Major Cyber Attacks Targeting Aviation Industry 2025

In 2025, the aviation industry remained a key target for cyberattacks. Its role as critical infrastructure makes it a prime focus for threat actors. Airlines and airports rely heavily on digital systems for operations, which makes them highly vulnerable to cyber threats. Attacks ranging from ransomware to the sale of stolen data have become more frequent, often linked to the dark web. These incidents highlight the risks the sector faces as it becomes increasingly reliant on interconnected technologies.

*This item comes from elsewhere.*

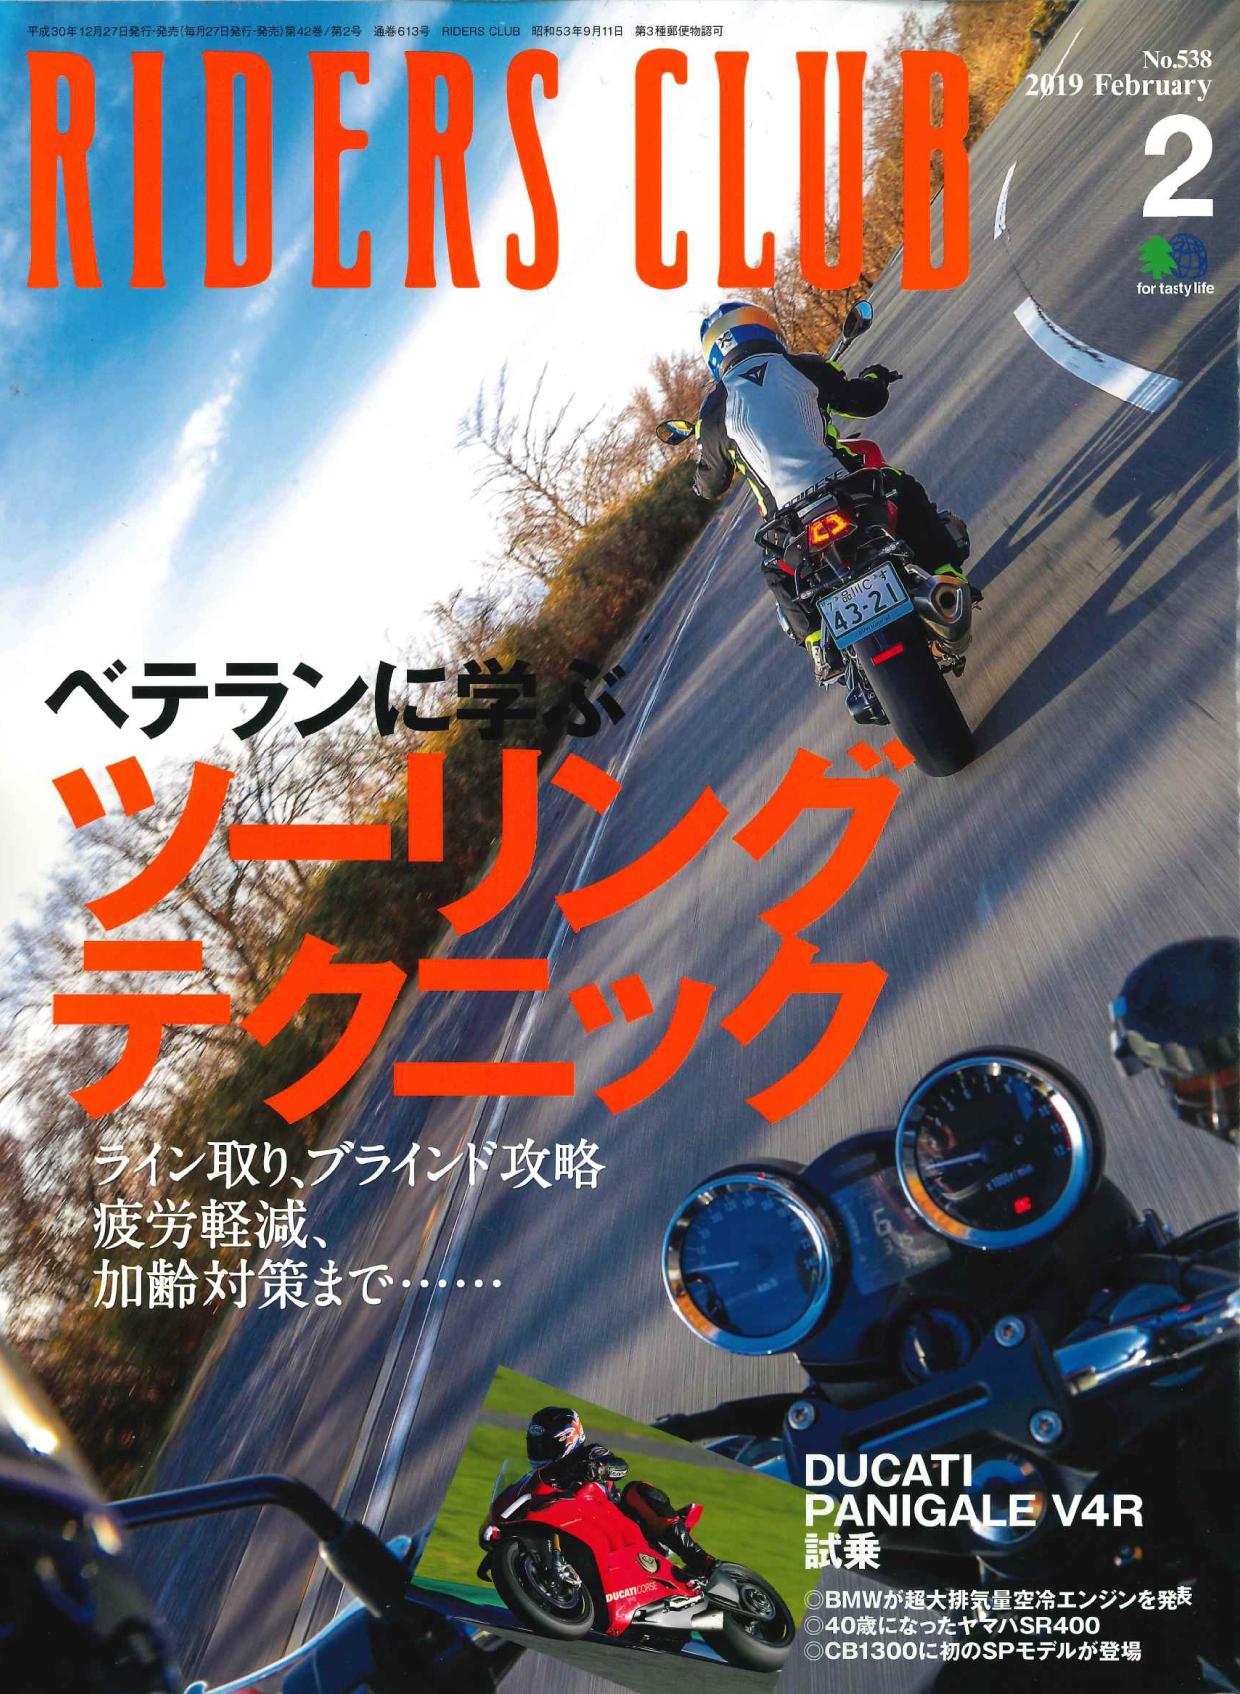 【RIDERS CLUB2月号掲載】Bitubo

Cyberattack in progress: A commercial plane under siege in a digital battlefield, where technology meets destruction. Illustration created by DALL-E

The aviation industry connects people, goods, and services worldwide, making it invaluable. Its digital systems manage everything from flight schedules to sensitive passenger data, which increases its appeal to cybercriminals and hacktivists. A successful cyberattack can disrupt operations, ground flights, and cause massive financial losses. Additionally, aviation’s public visibility ensures that the impact of these attacks is felt beyond the industry, affecting millions globally. This combination of strategic importance and vulnerability makes aviation an ongoing and attractive target for cyber threats.

The 2025 Cyber Threat Landscape in Aviation

In 2025, the aviation sector has remained a high-profile target for cyber threat actors, with both civilian infrastructure and commercial airline systems drawing increased attention. From politically motivated hacktivism to financially driven intrusions, attacks have spanned a wide range of tactics and objectives.

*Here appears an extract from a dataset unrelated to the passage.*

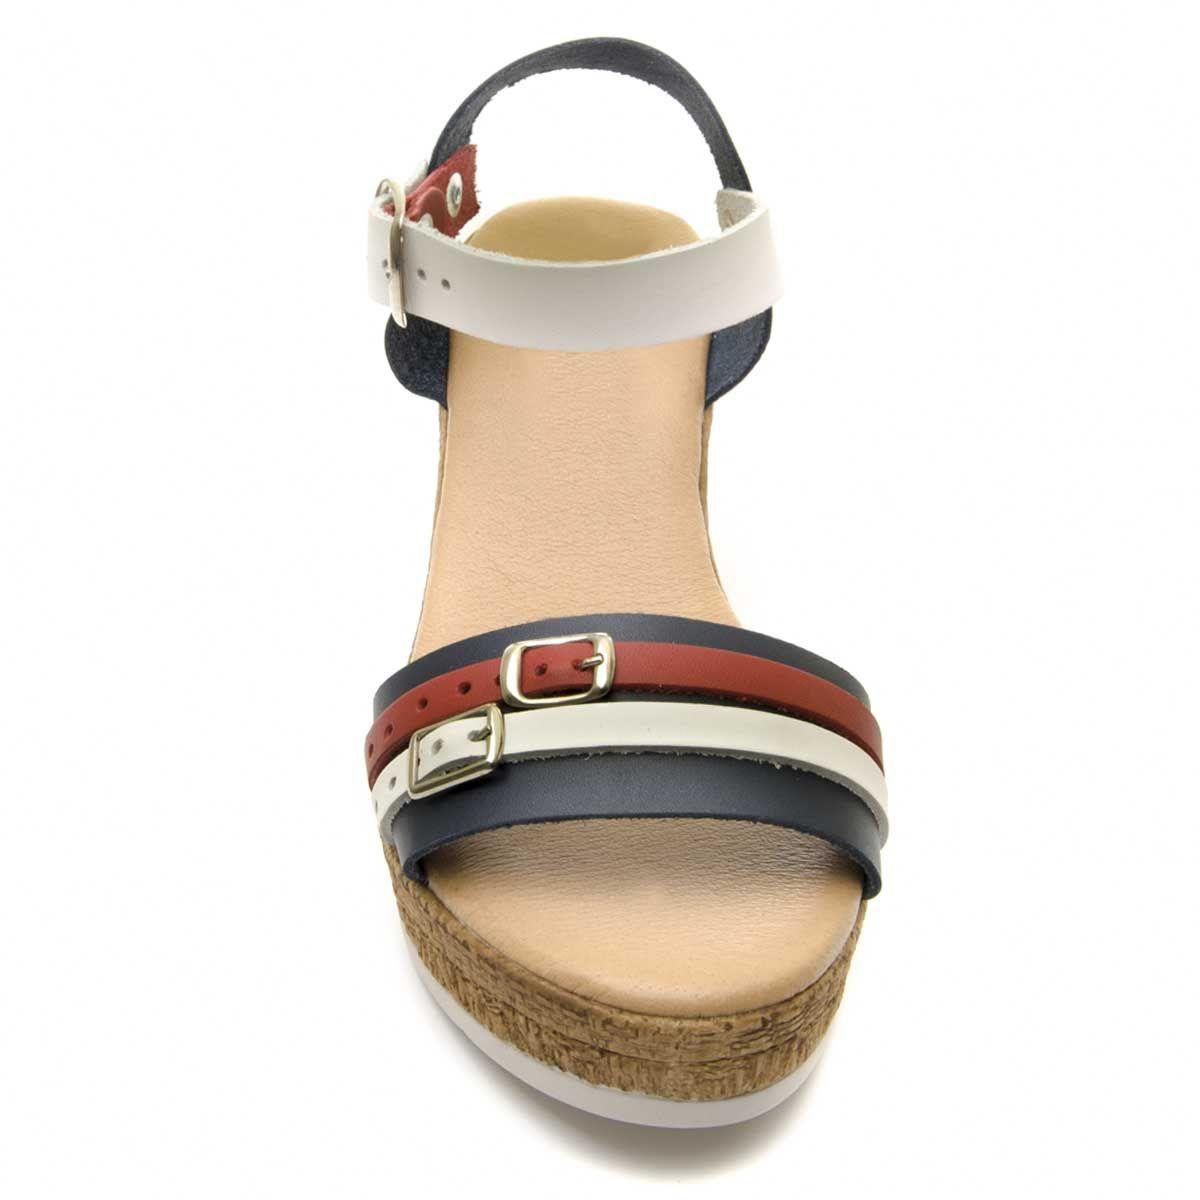 Purapiel Wedge Sandal in Multicolour

One of the most prominent trends this year has been the frequency of DDoS campaigns against airports and aviation authorities, often carried out by hacktivist groups such as Z-PENTEST Alliance, Noname057(16), and Dark Storm Team. These actors, known for politically charged operations, have repeatedly claimed responsibility for disruptions to airport websites and public-facing aviation systems, particularly in Western-aligned countries.

Alleged access sales targeting aviation industry detected by SOCRadar on the Dark web (SOCRadar Dark Web News)

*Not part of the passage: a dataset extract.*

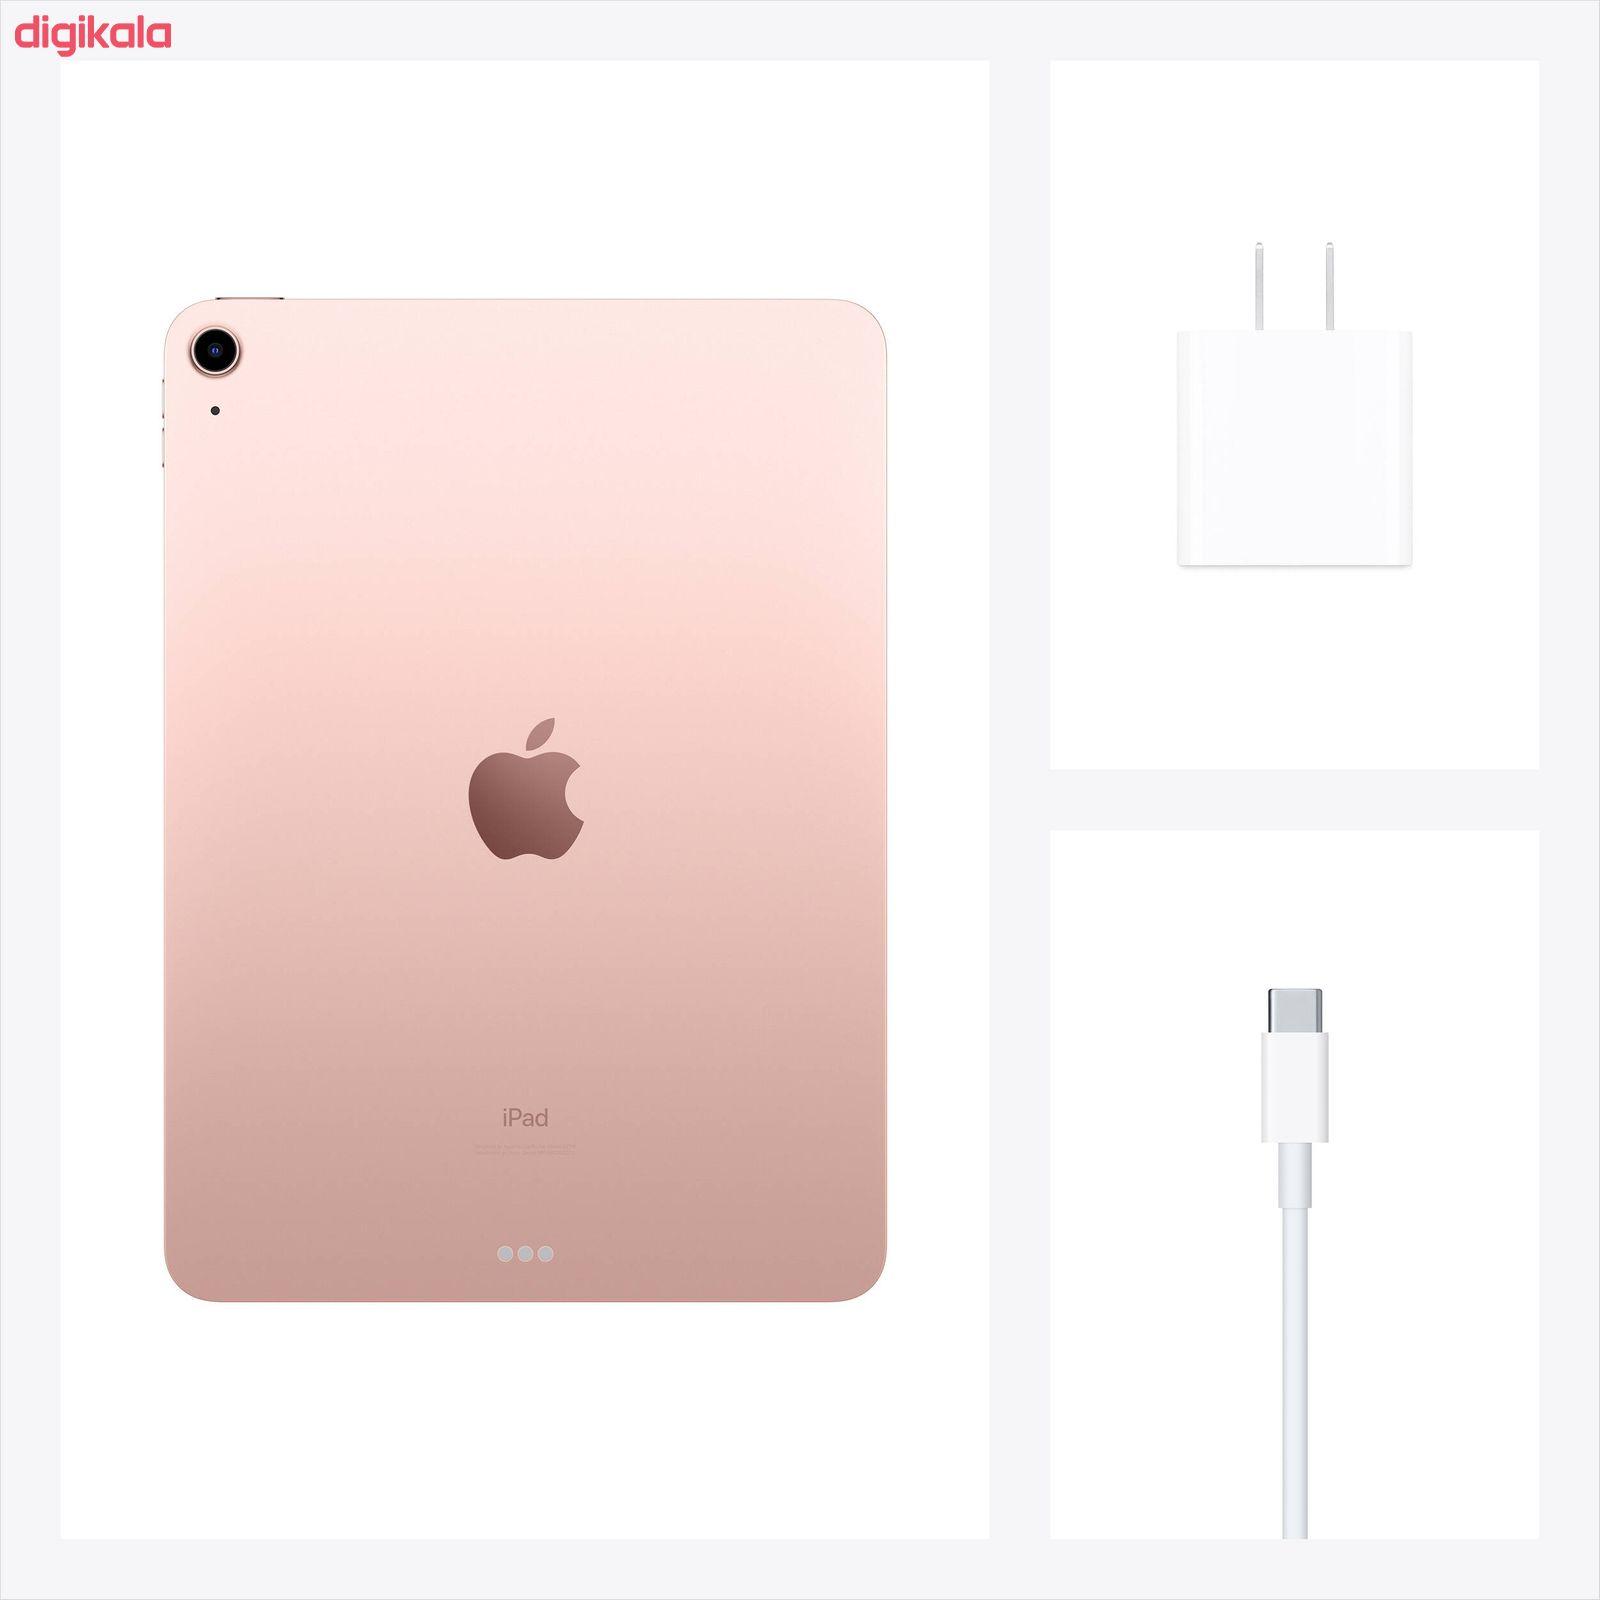 تبلت اپل مدل iPad Air 10.9 inch 2020 WiFi ظرفیت 64 گیگابایت  main 1 12

On the other hand, threat actors have taken a more financially motivated and technically sophisticated approach, focusing on initial access sales. They allegedly offered unauthorized access to airline-affiliated systems, further exposing backend environments to secondary threats such as ransomware or data theft.

Victim country distribution by Dark Web mentions

The United States has emerged as the most frequently referenced country in aviation-related cyber incidents. This can be attributed not only to the sheer size and global presence of its aviation infrastructure but also to its symbolic value in geopolitical cyber conflict. Pro-Russian and pro-Palestinian groups, in particular, have consistently included American targets in their publicized DDoS campaigns, framing such attacks as acts of digital resistance or retaliation.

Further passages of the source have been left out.